> _TASK BRIEF_
In the entries below, begin at the line that has "Plan 56452sm Split" and stop after the line that has "Best Resort/Hotel in"; output those lines exactly, leaving out pictures.

> _DATASET RECORDS_
=====

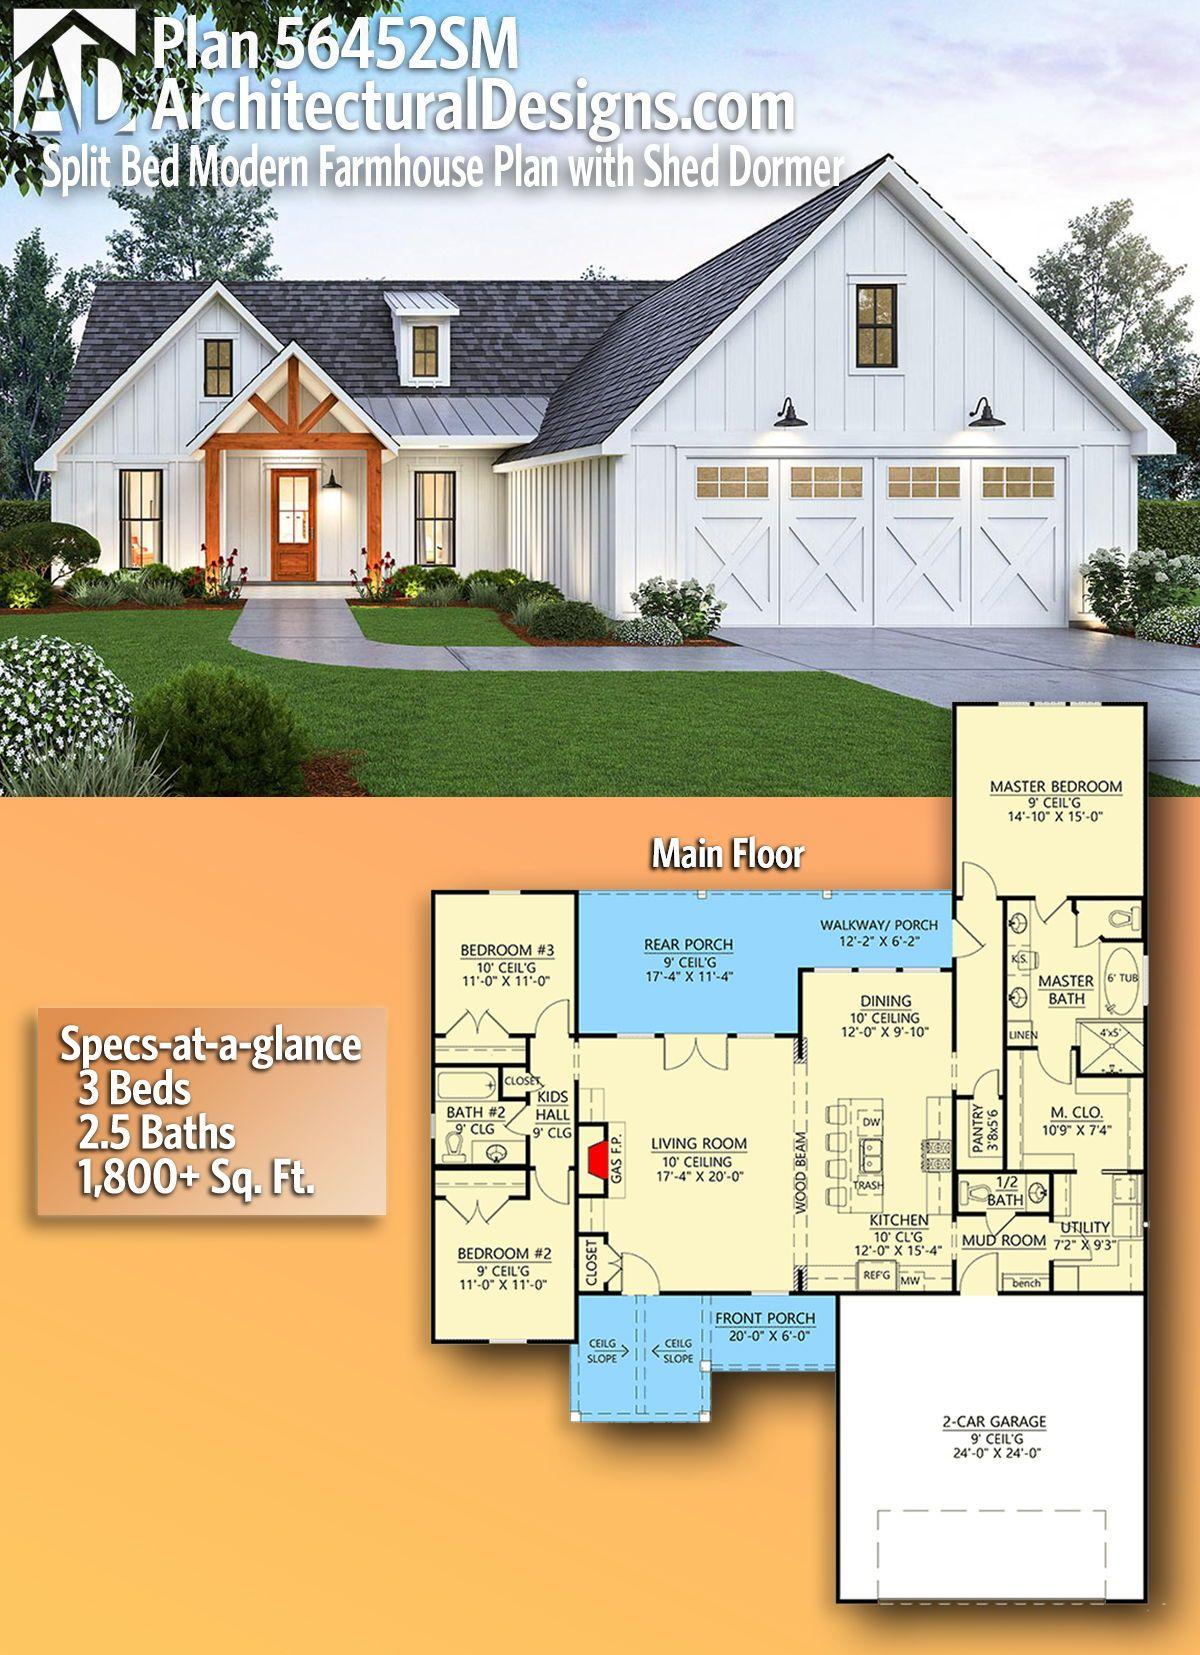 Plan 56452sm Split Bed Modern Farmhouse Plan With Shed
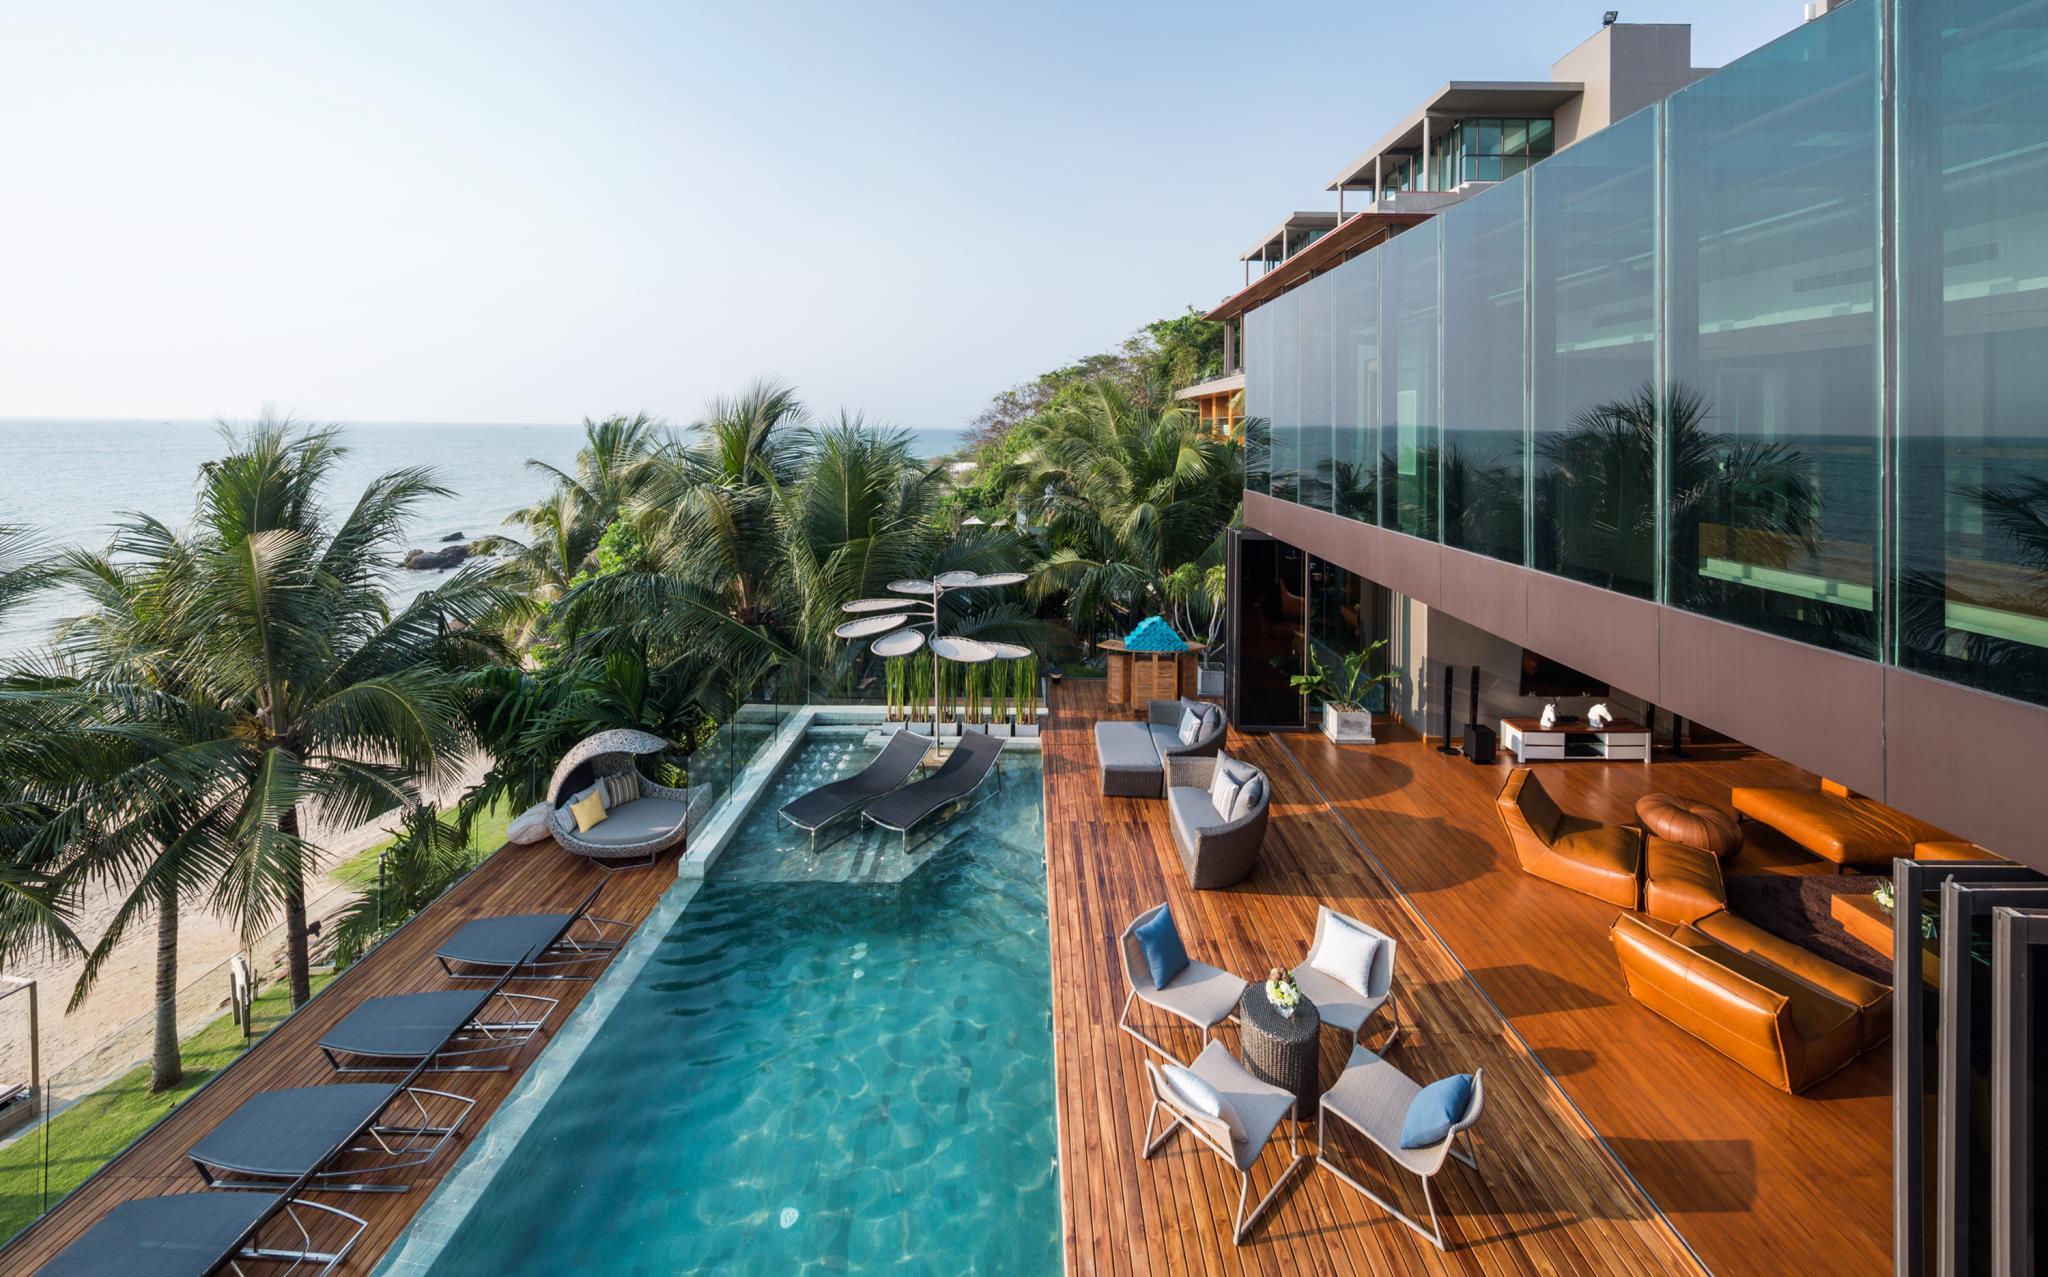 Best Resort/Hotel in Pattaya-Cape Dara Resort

=====

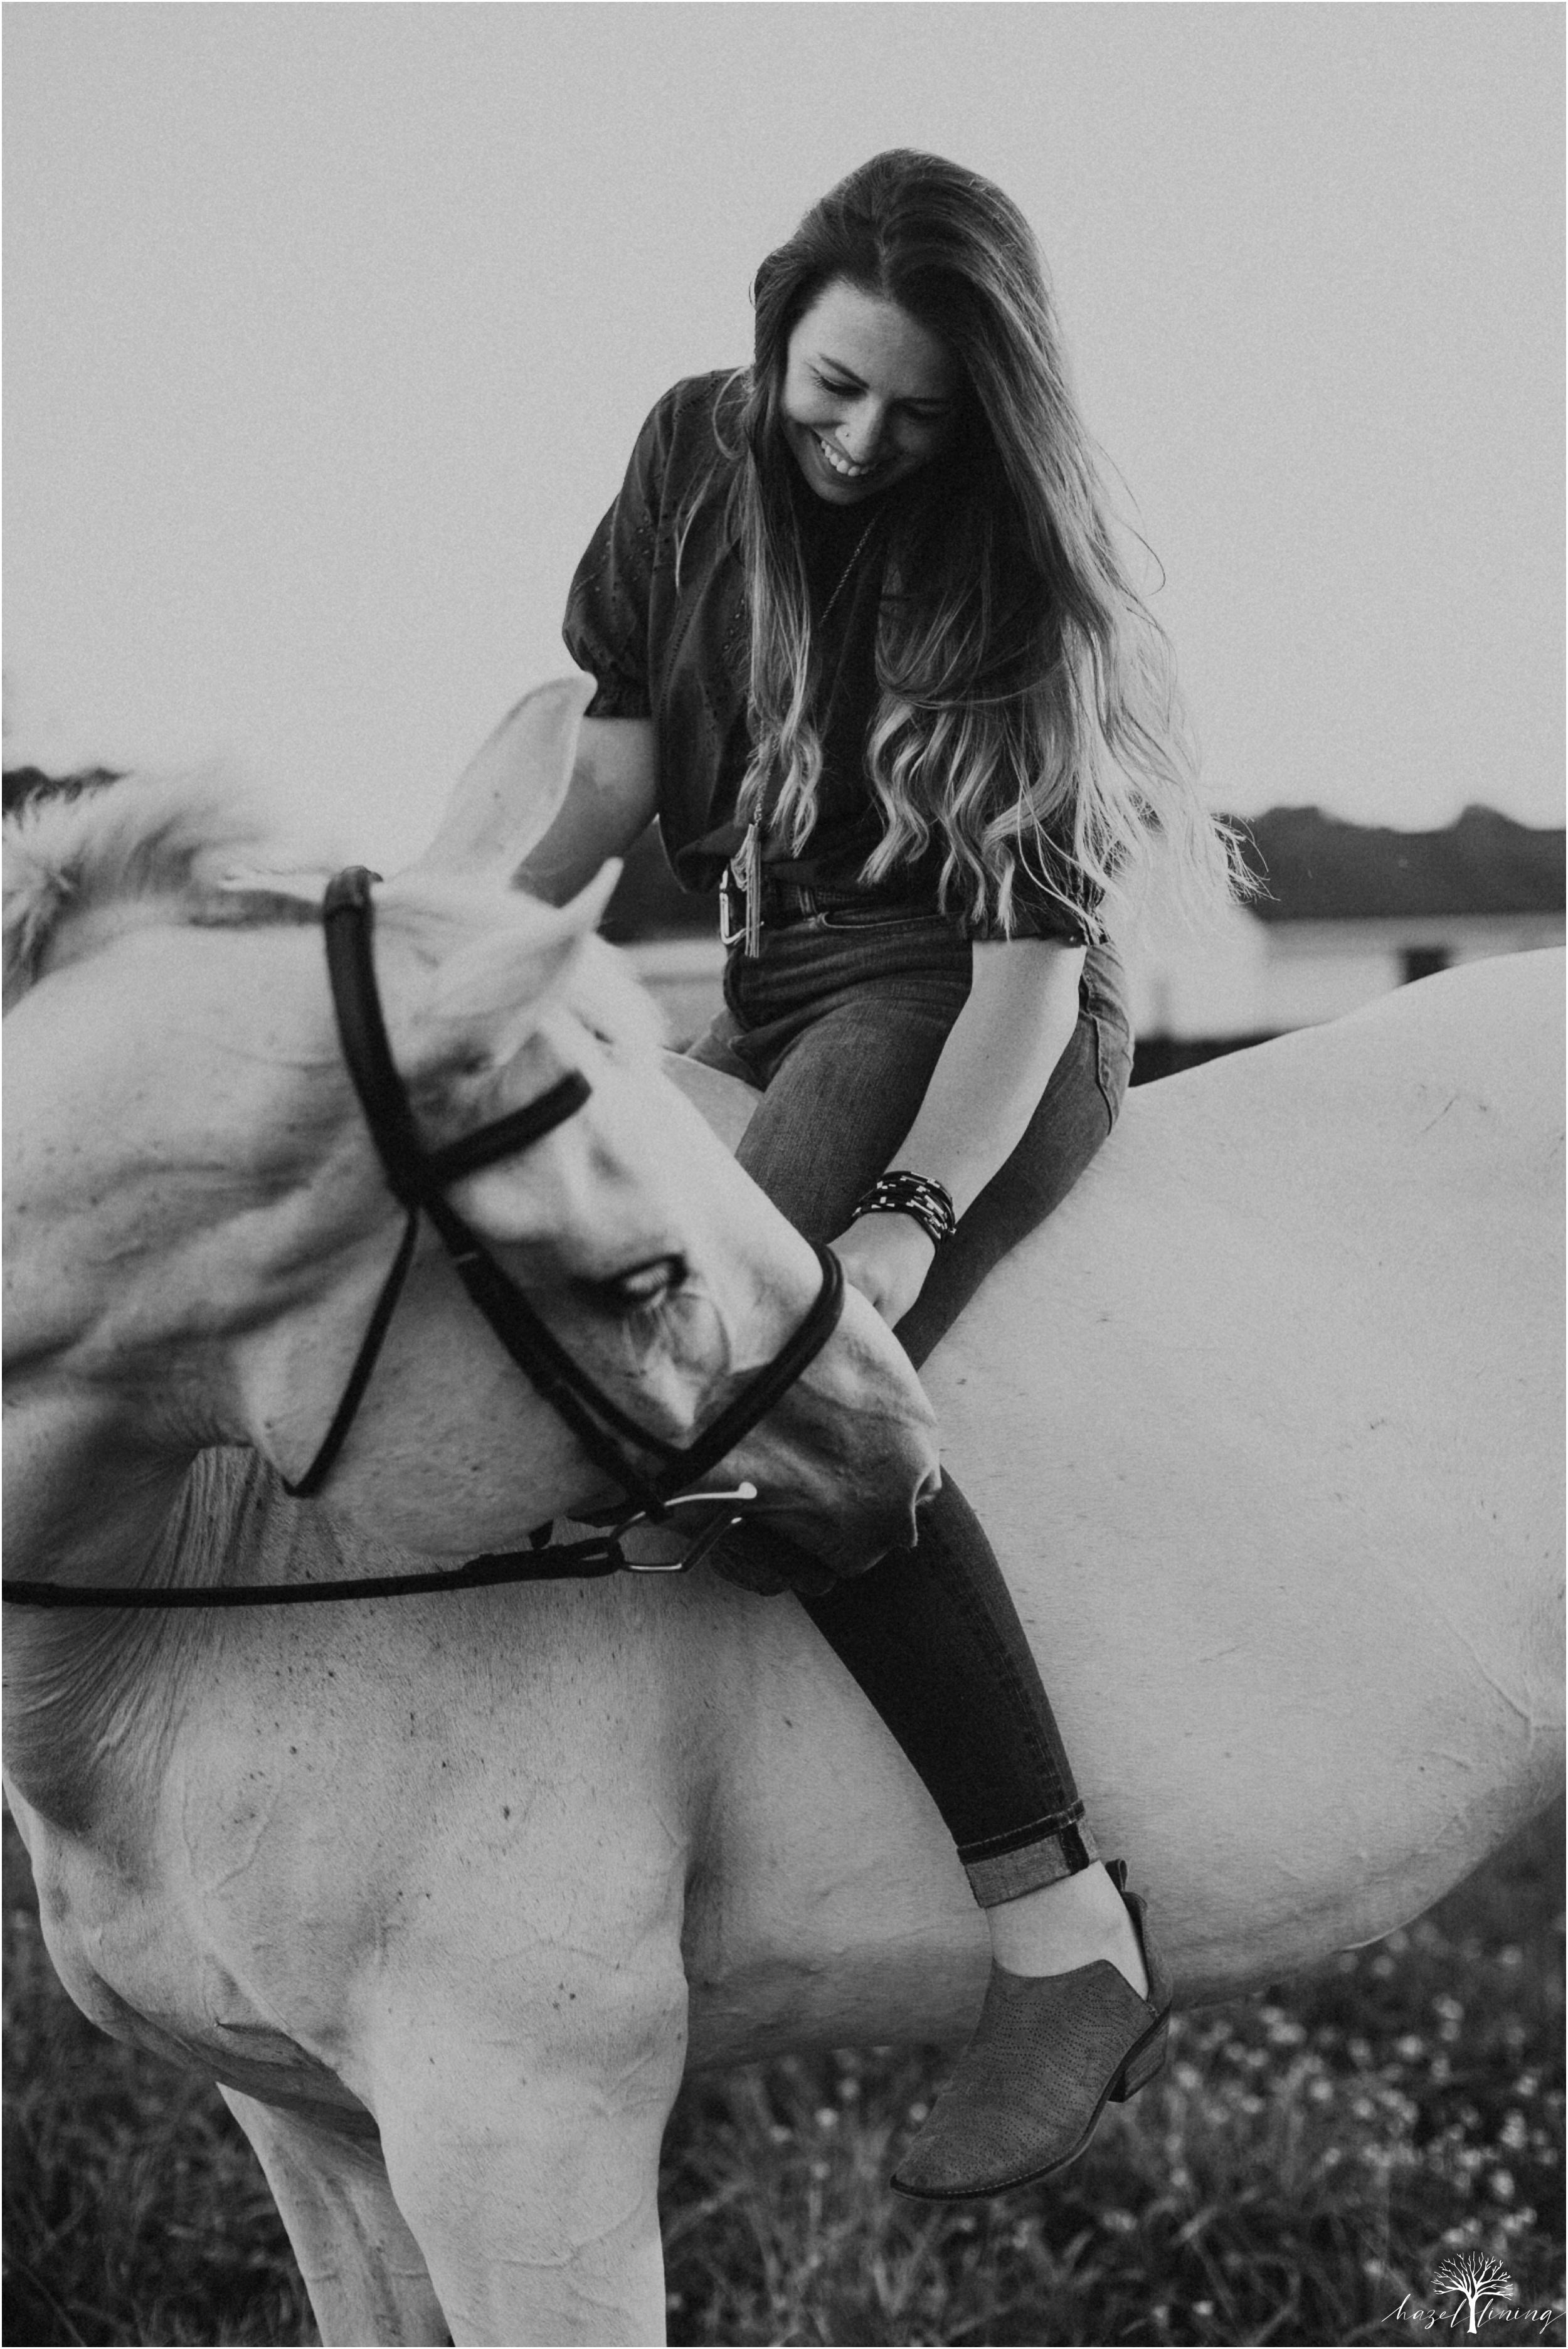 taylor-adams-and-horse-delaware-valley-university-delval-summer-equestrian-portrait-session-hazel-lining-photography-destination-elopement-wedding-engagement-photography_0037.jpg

=====

> _ANSWER BOX_
 Plan 56452sm Split Bed Modern Farmhouse Plan With Shed
 Best Resort/Hotel in Pattaya-Cape Dara Resort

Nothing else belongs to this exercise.